Вот и ответ на его вопрос. Катриона Роуэн вызывала в нем восхищение. А еще он чувствовал страстное влечение на грани чего-то большего. Чего-то опасно граничащего с одержимостью. Потому что время, проведенное в саду с мисс Катрионой Роуэн, только распалило огонь, что таился в глубинах его сердца. И лишило его зрения — вот и не увидел он того, что давно следовало увидеть.
Да, внешне она была как сахарная вата, под которой пряталась сердцевина из гранита. Он был очарован ею. Настолько, что ни на минуту не пришло ему в голову задуматься: а что же сделало ее такой?
Бывали дни, когда Катрионе казалось, что ей, должно быть, все это приснилось — жара, яркие краски и головокружительный восторг нахлынувшей любви. Однако она влюбилась тогда — медленно, неотвратимо и без оглядки. Ей это вовсе не приснилось. Как могло не присниться, не представиться зло, что последует за ней сюда, в Уимбурн-Мэнор. Оно было слишком реальным! И непреклонным. Чтобы пули вспороли почву на лужайке — такого она вообразить не могла. И ни разу — за тысячу и один год — не представила себе, как высокий англичанин встает в дверях, не давая ей пройти!

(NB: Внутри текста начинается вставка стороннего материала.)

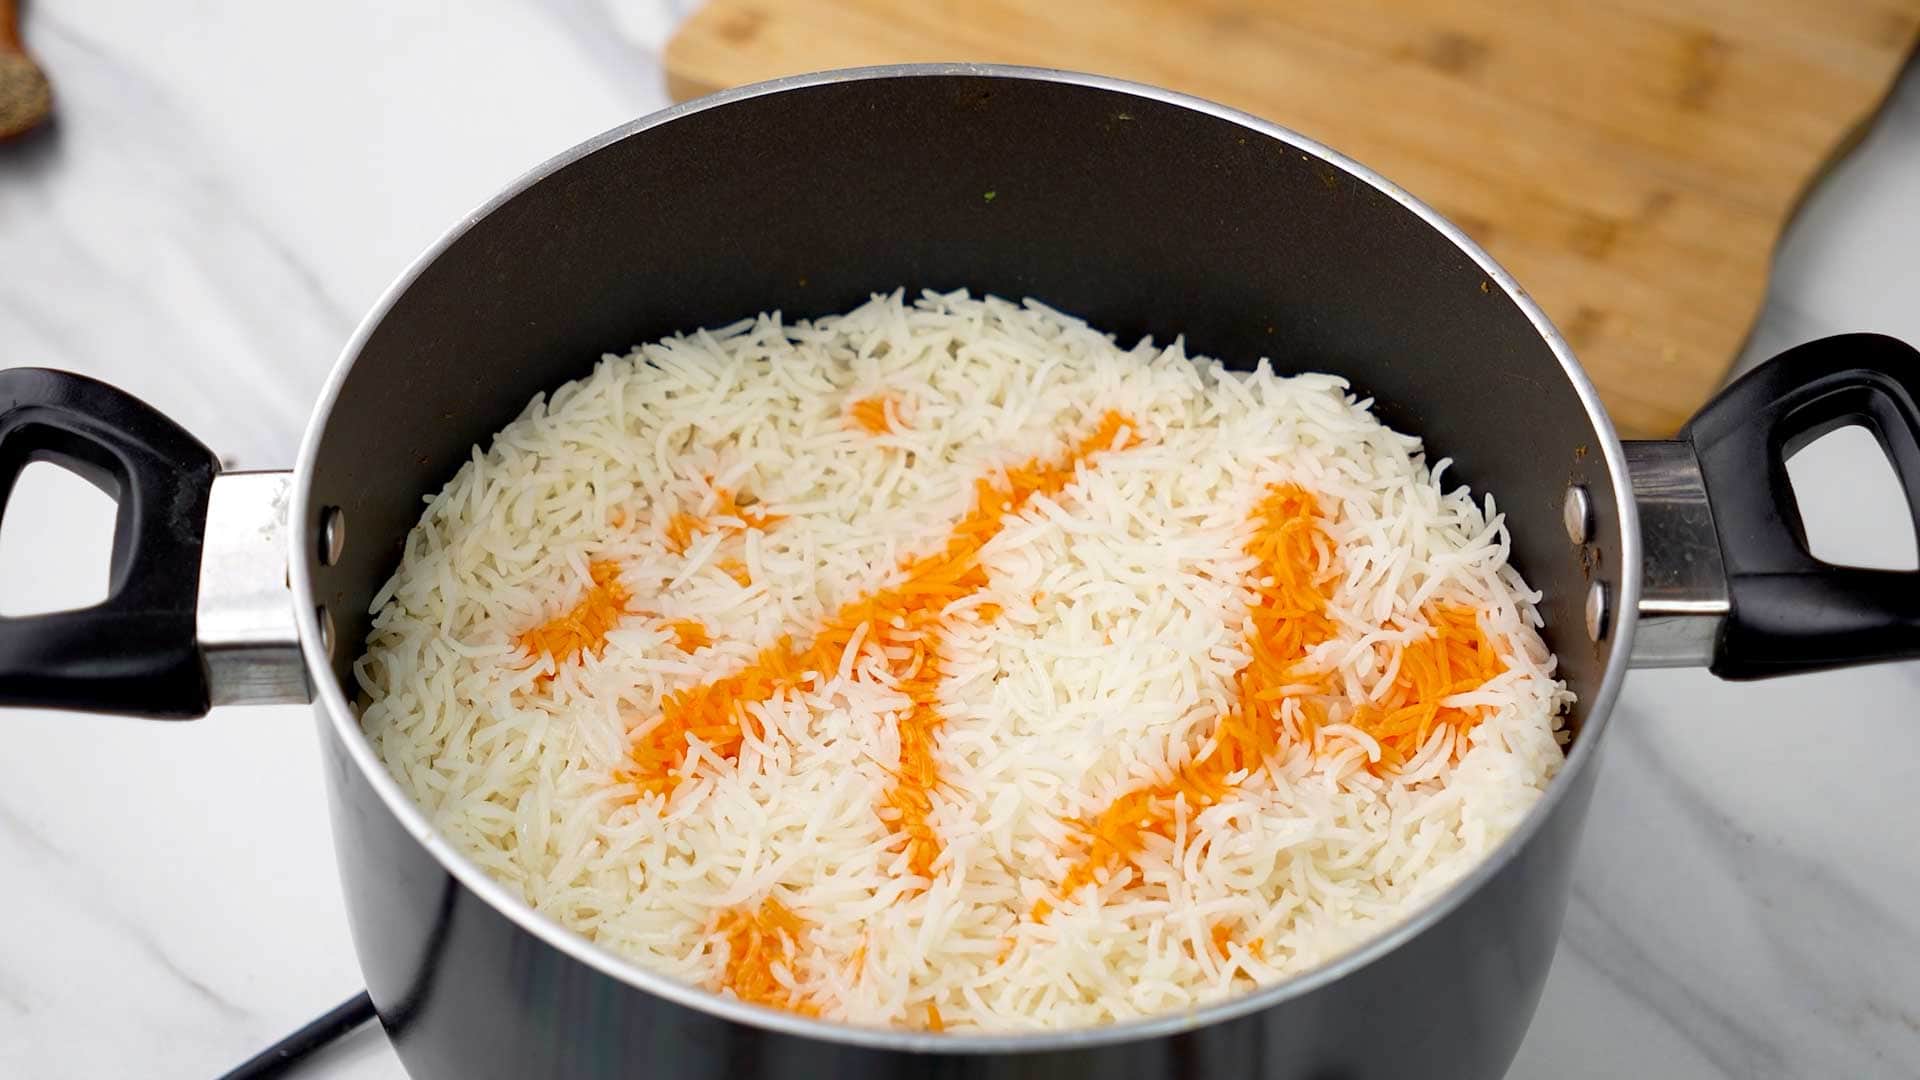 Saffron milk on the top of fluffy rice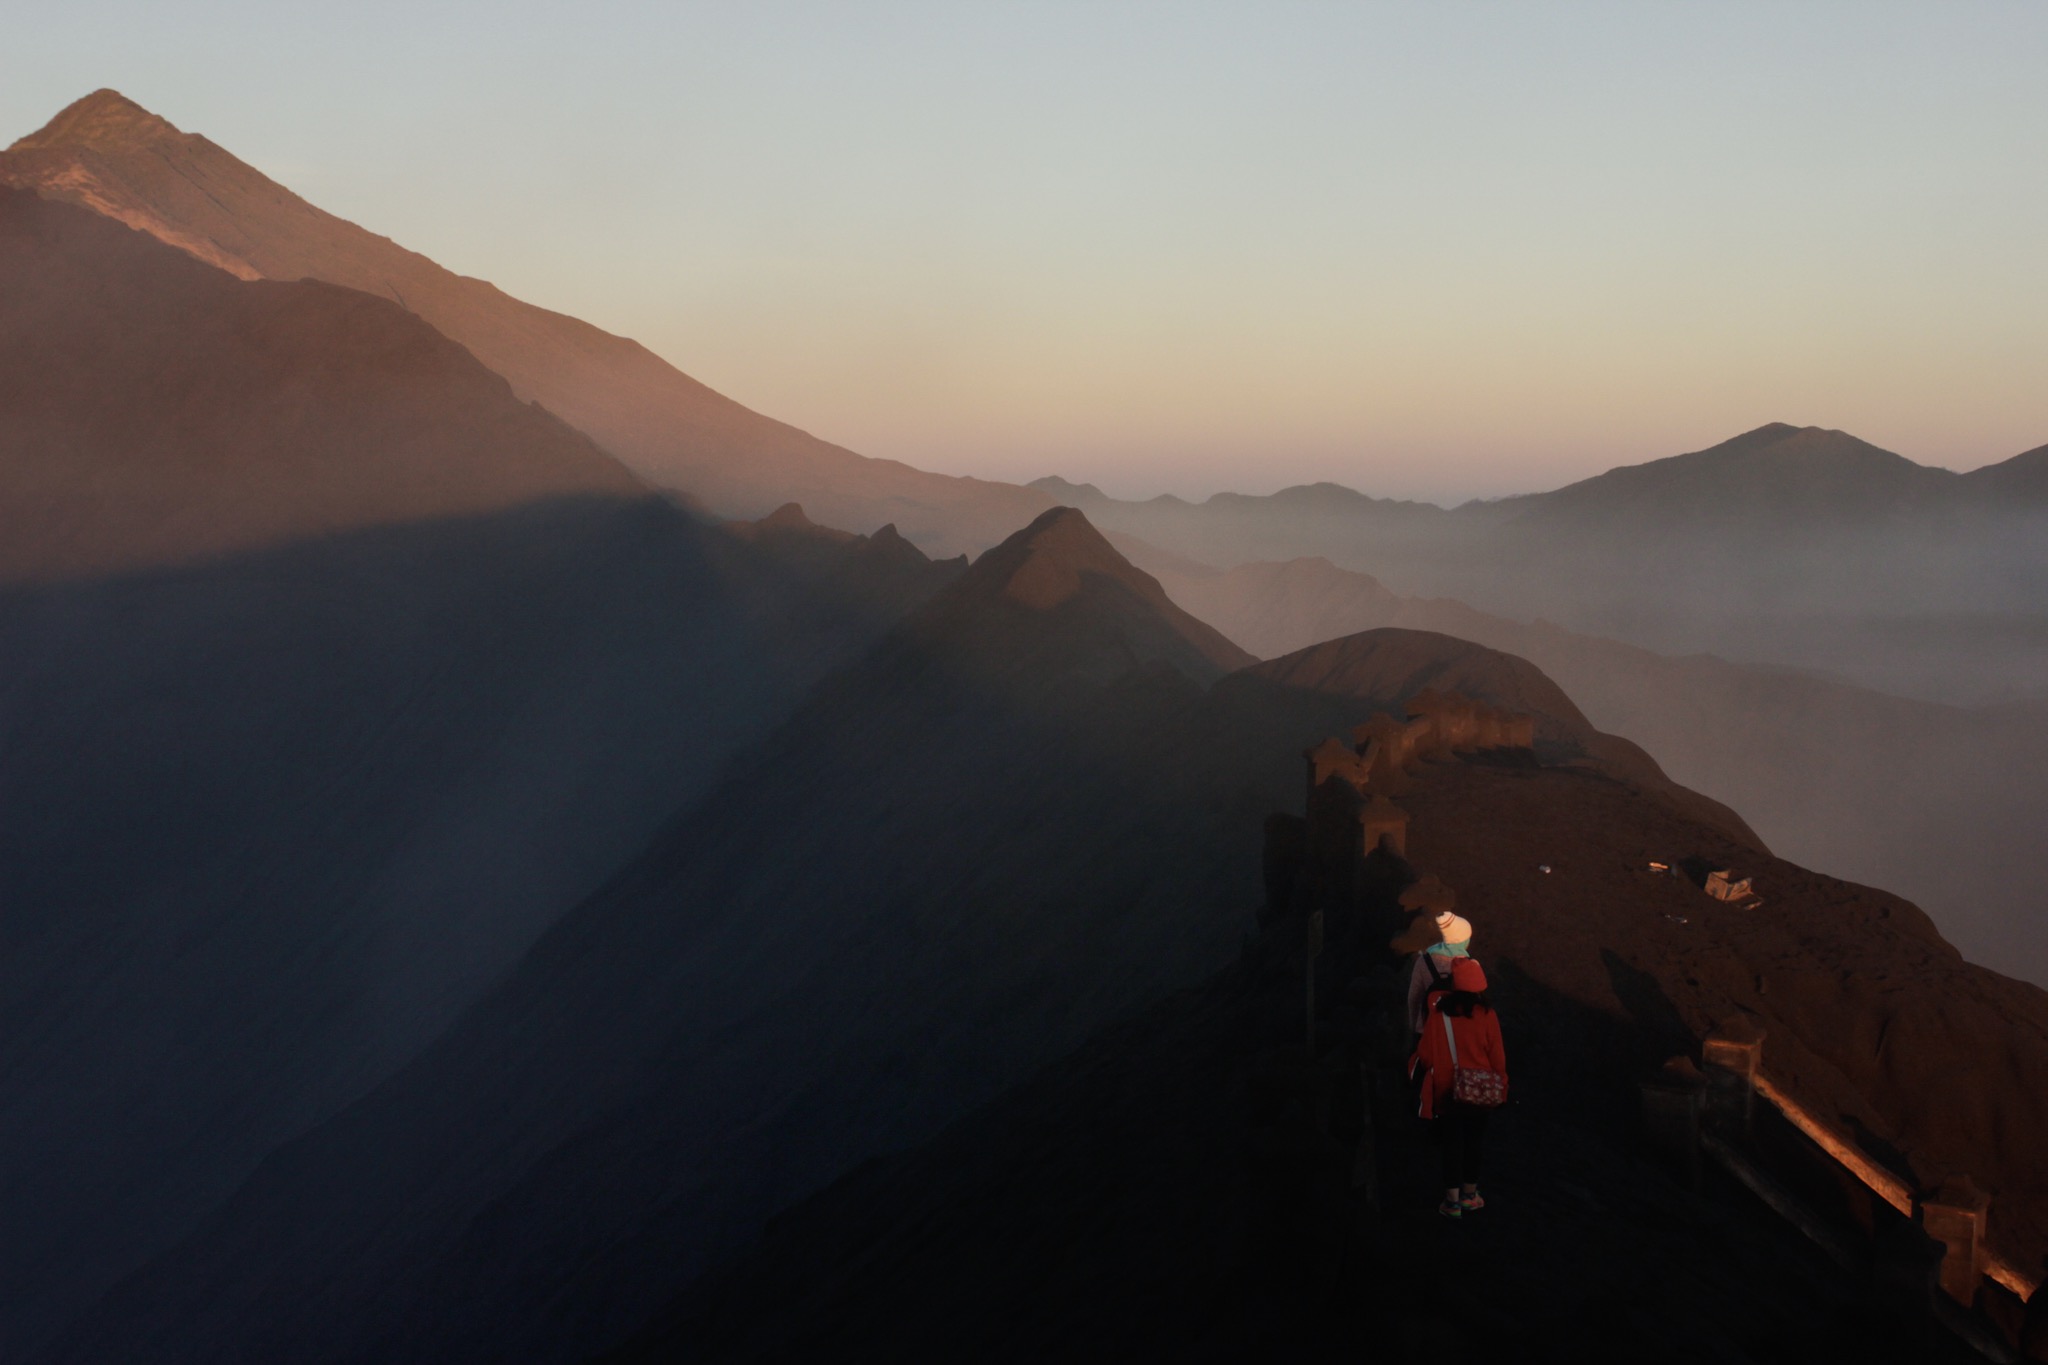 The Indonesian island of Java is almost entirely of volcanic origin, contains numerous volcanoes, Mount Bromo is one of those 45 volcanoes which are considered active (In frame: tourist walks on edge of crater rim to find best spot for experiencing sunrise)

Выбора не оставалось. Собравшись с духом перед лицом неприятного настоящего, Катриона снова обратилась к леди Джеффри:
— Благодарю за щедрую заботу, миледи, но, как видите, со мной все в порядке. Поэтому, с вашего позволения, теперь я пойду проведаю детей.
«И уберусь подальше от мистера Томаса Джеллико, чтобы избавиться от его назойливого присутствия».
— Моя дорогая мисс Кейтс. — Протянув руку, леди Джеффри снова крепко ухватила локоть Катрионы. — Что мы будем без вас делать? Вы наша незыблемая опора. И невероятно храбрая девушка. Я, кажется, до сих пор трясусь от страха. А вы думаете не о собственной безопасности, а о детях. Похоже, вы тогда совсем не испугались.
Безопасность — ненадежная и относительная вещь. Еще один вид роскоши, которая ей не по карману. Если она хочет обеспечить безопасность детям виконтессы, ей нельзя тут оставаться. В противном случае она сама впустит опасность в дом. А желает пережить нынешнее испытание и ускользнуть от решительно настроенных преследователей, включая мистера Томаса Джеллико, тогда пусть весьма реальный страх вынудит ее покинуть относительно безопасные стены Уимбурна. Тихо. Украдкой.
Правда, однако, заключалась в том, что храбрости в ней не было ни капельки. Она была очень, очень напугана. Будь в ней хоть чуть-чуть храбрости и отваги, она бы ни за что не покинула Индию — да и Шотландию тоже. Лицом к лицу встретилась бы и с собственными страхами, и с теми, кто ее обвинял. Но она этого не сделала. И страх рос в ней, пока под гнетом его непомерной тяжести не застонала ее душа. Это была та боль, про которую она не забывала ни на минуту.